The problem.
Copy word for word the lines of the records below, beginning at the one with "three cloud mobiles hang in the dark" and finishing at the one with "Panasonic Waschmaschine NA-168ZS1WDE, A+++, 8", ends included, but none of the pictures.

Material shown.

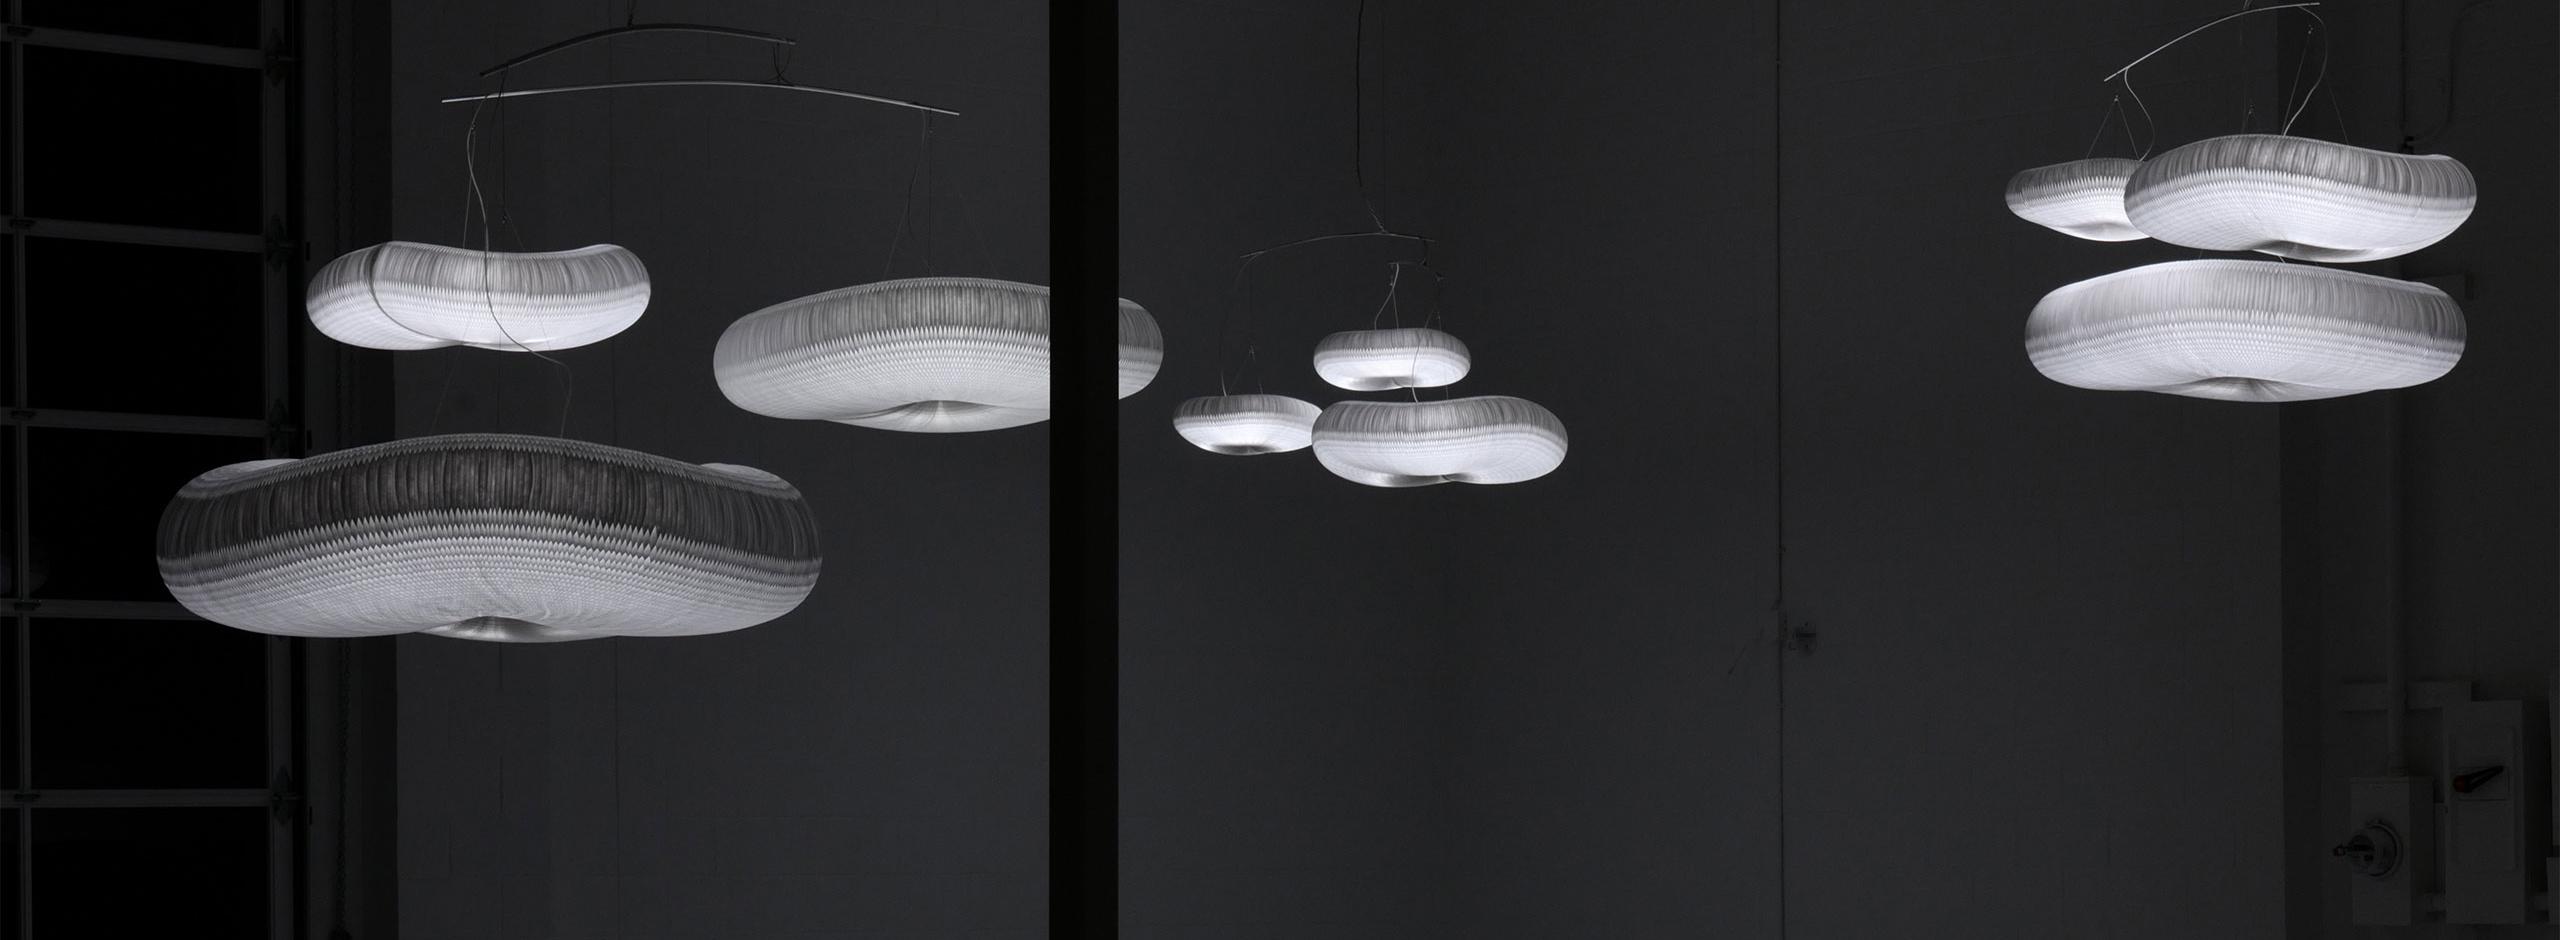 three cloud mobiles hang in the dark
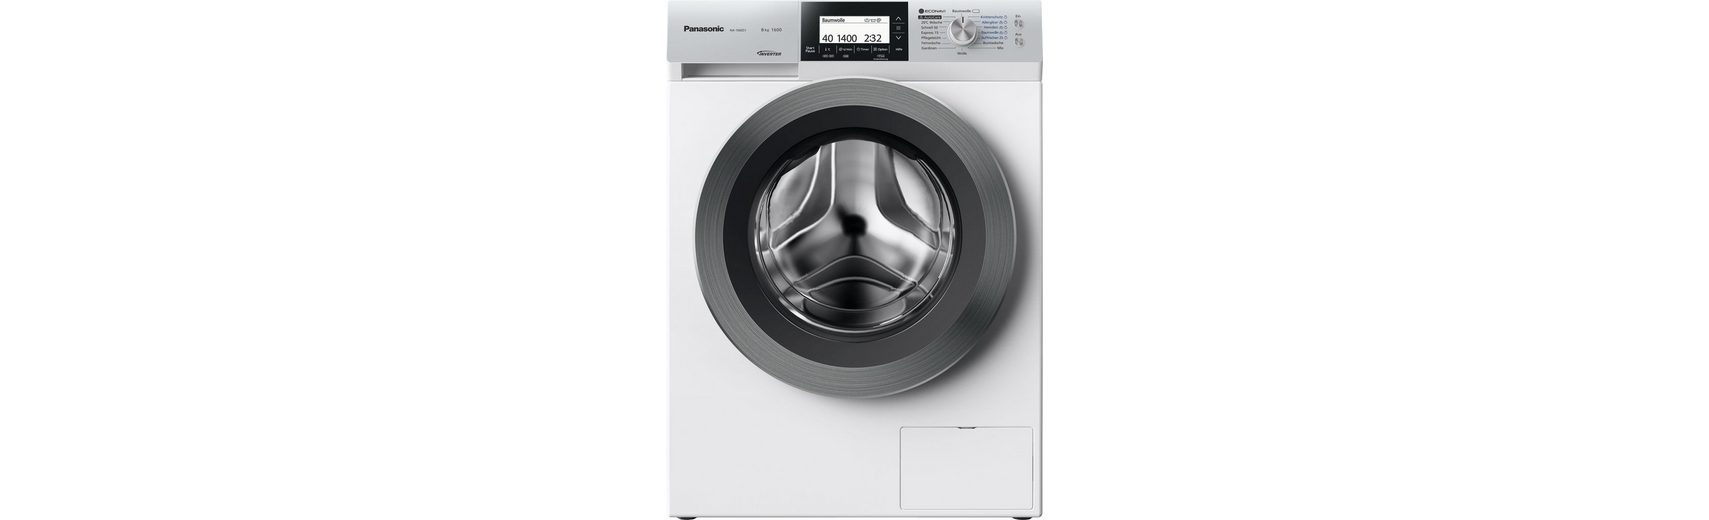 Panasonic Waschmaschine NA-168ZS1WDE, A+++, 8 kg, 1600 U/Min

--

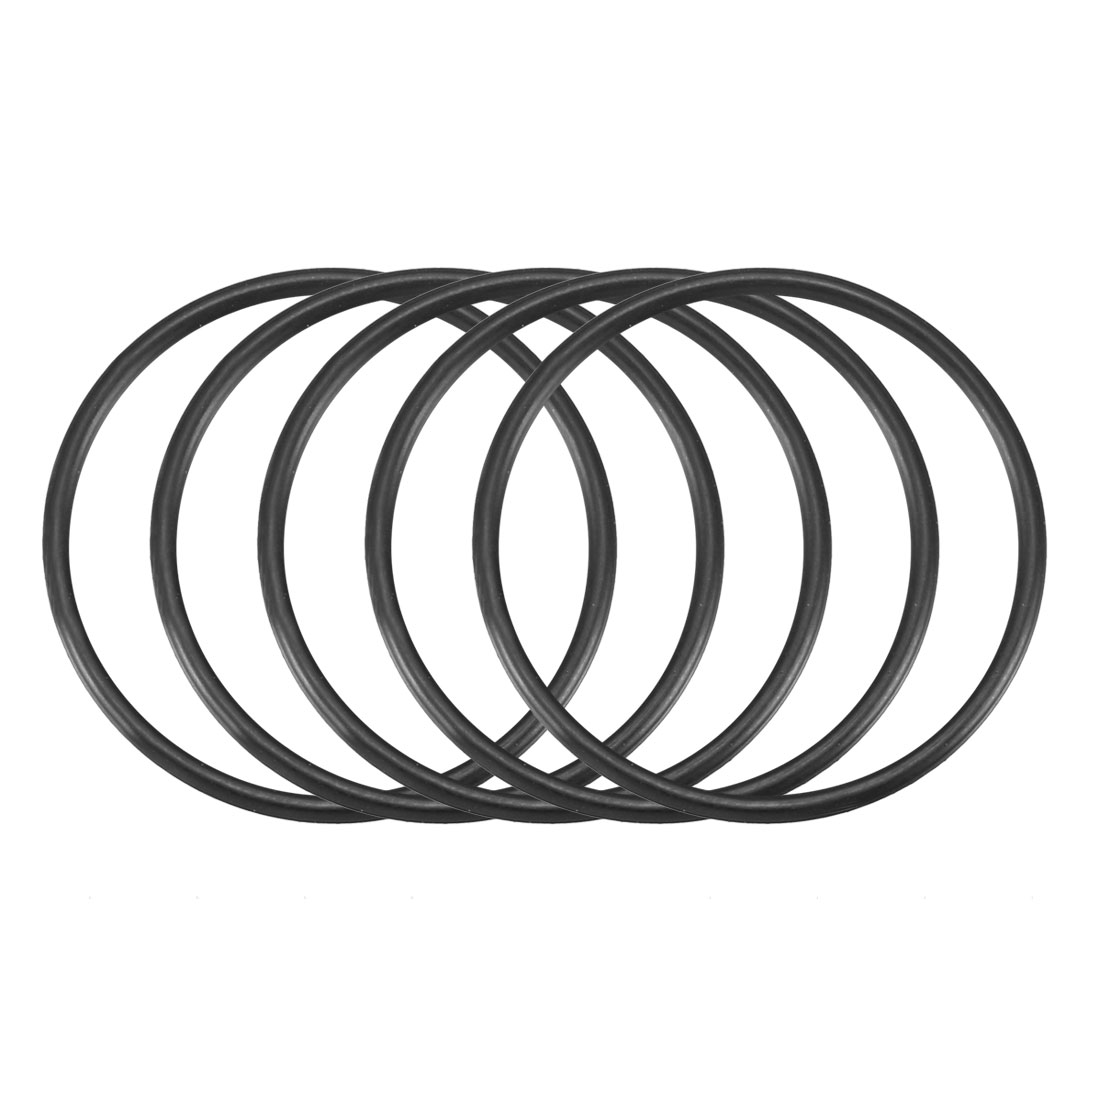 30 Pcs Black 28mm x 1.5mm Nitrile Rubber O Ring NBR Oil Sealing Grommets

---

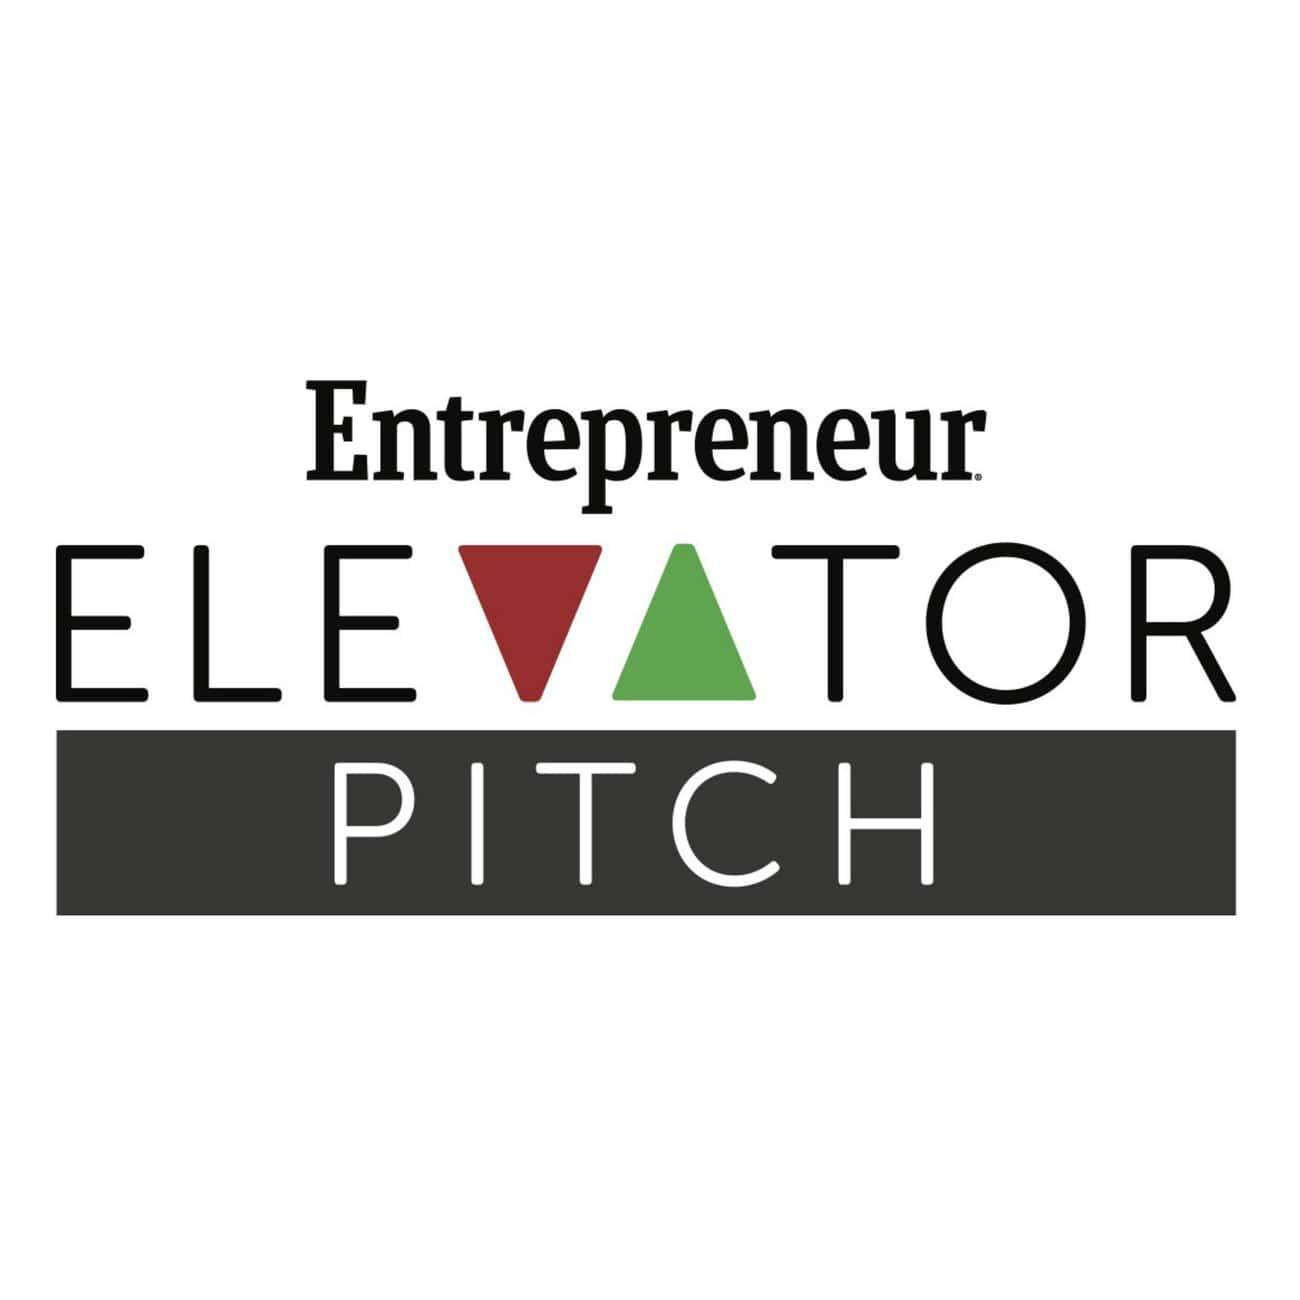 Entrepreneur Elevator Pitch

Output for this exercise.
 three cloud mobiles hang in the dark
 Panasonic Waschmaschine NA-168ZS1WDE, A+++, 8 kg, 1600 U/Min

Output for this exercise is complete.